## TASK MATERIAL:

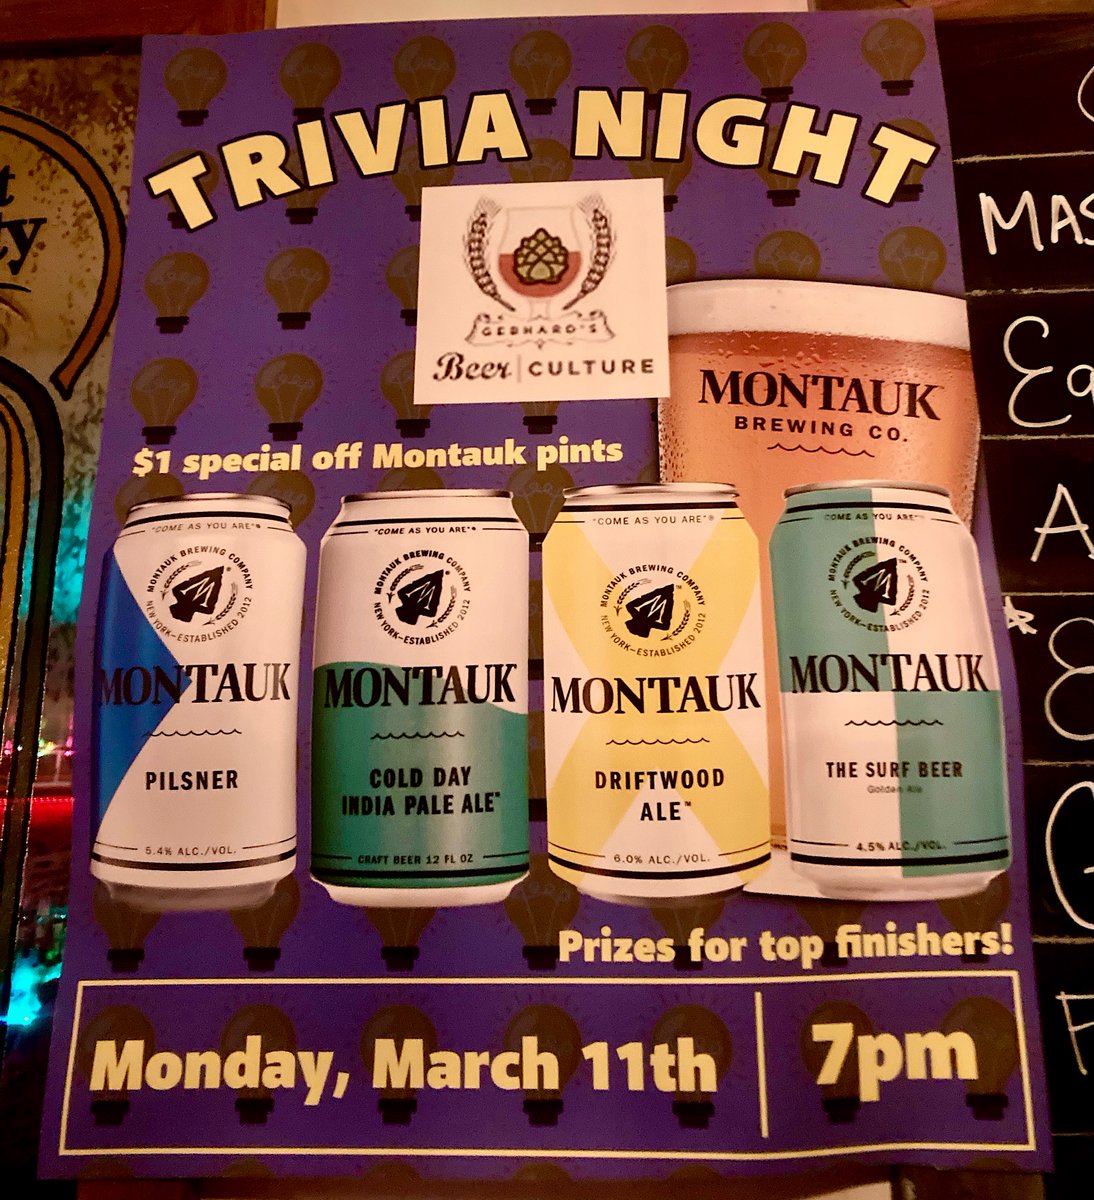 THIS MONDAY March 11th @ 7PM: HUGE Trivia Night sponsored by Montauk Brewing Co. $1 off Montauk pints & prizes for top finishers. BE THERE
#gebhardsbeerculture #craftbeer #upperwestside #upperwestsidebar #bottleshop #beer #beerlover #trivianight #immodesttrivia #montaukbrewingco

--

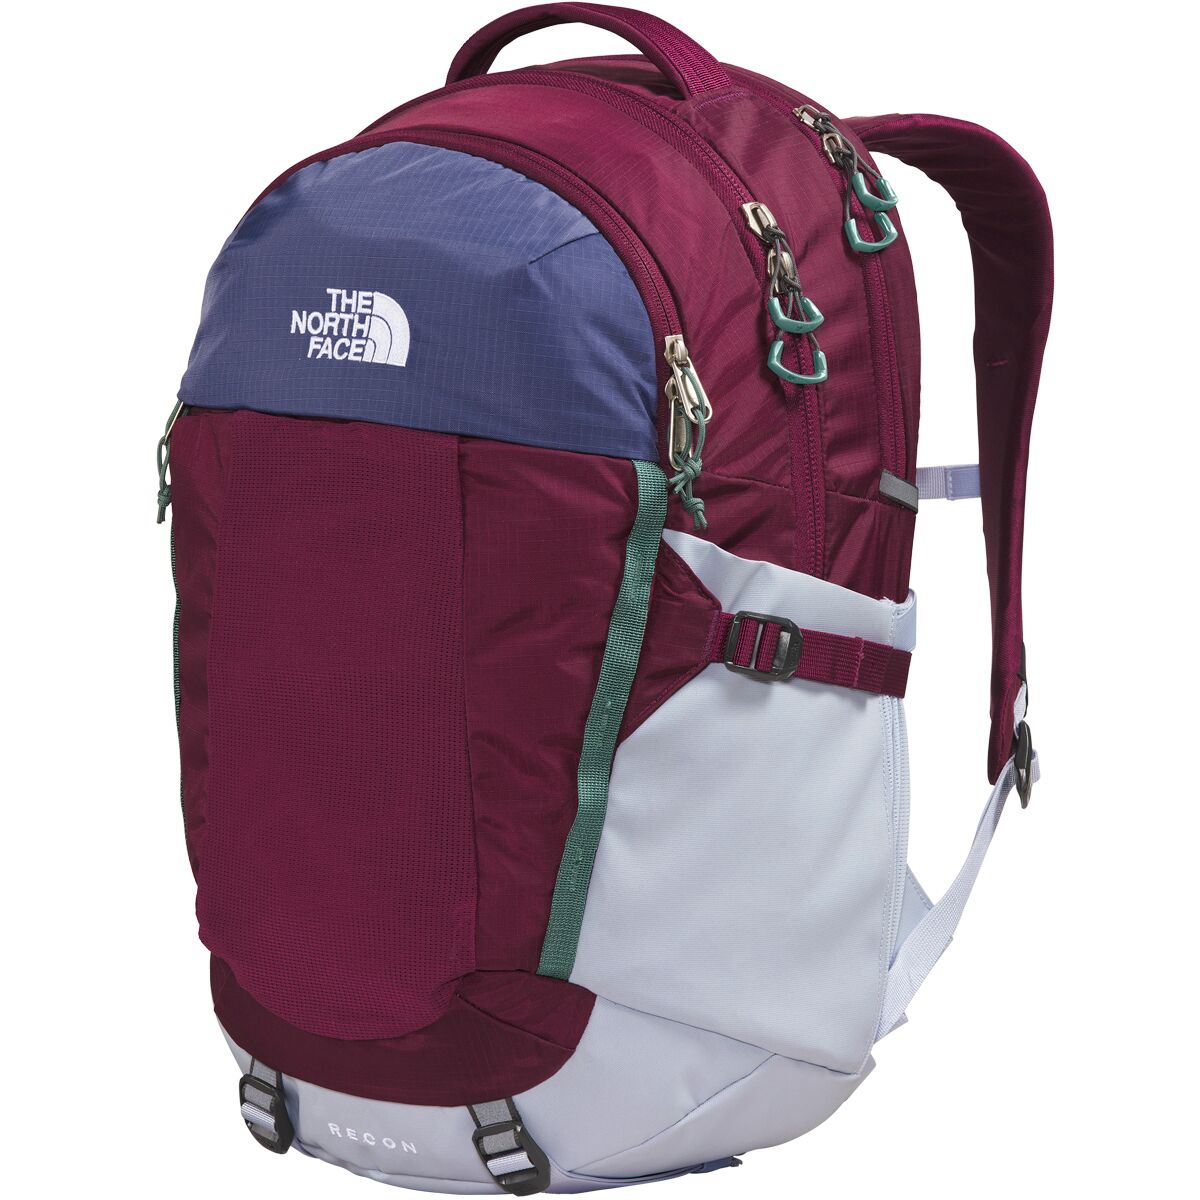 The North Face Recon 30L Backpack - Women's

## WHAT YOU ARE ASKED TO DO:
Transcribe, from the material above, the stretch starting at the line with "THIS MONDAY March" and ending at the line with "#gebhardsbeerculture #craftbeer #upperwestside", both included, exactly. Do not carry over pictures.

## PROBLEM SOLUTION:
 THIS MONDAY March 11th @ 7PM: HUGE Trivia Night sponsored by Montauk Brewing Co. $1 off Montauk pints & prizes for top finishers. BE THERE
#gebhardsbeerculture #craftbeer #upperwestside #upperwestsidebar #bottleshop #beer #beerlover #trivianight #immodesttrivia #montaukbrewingco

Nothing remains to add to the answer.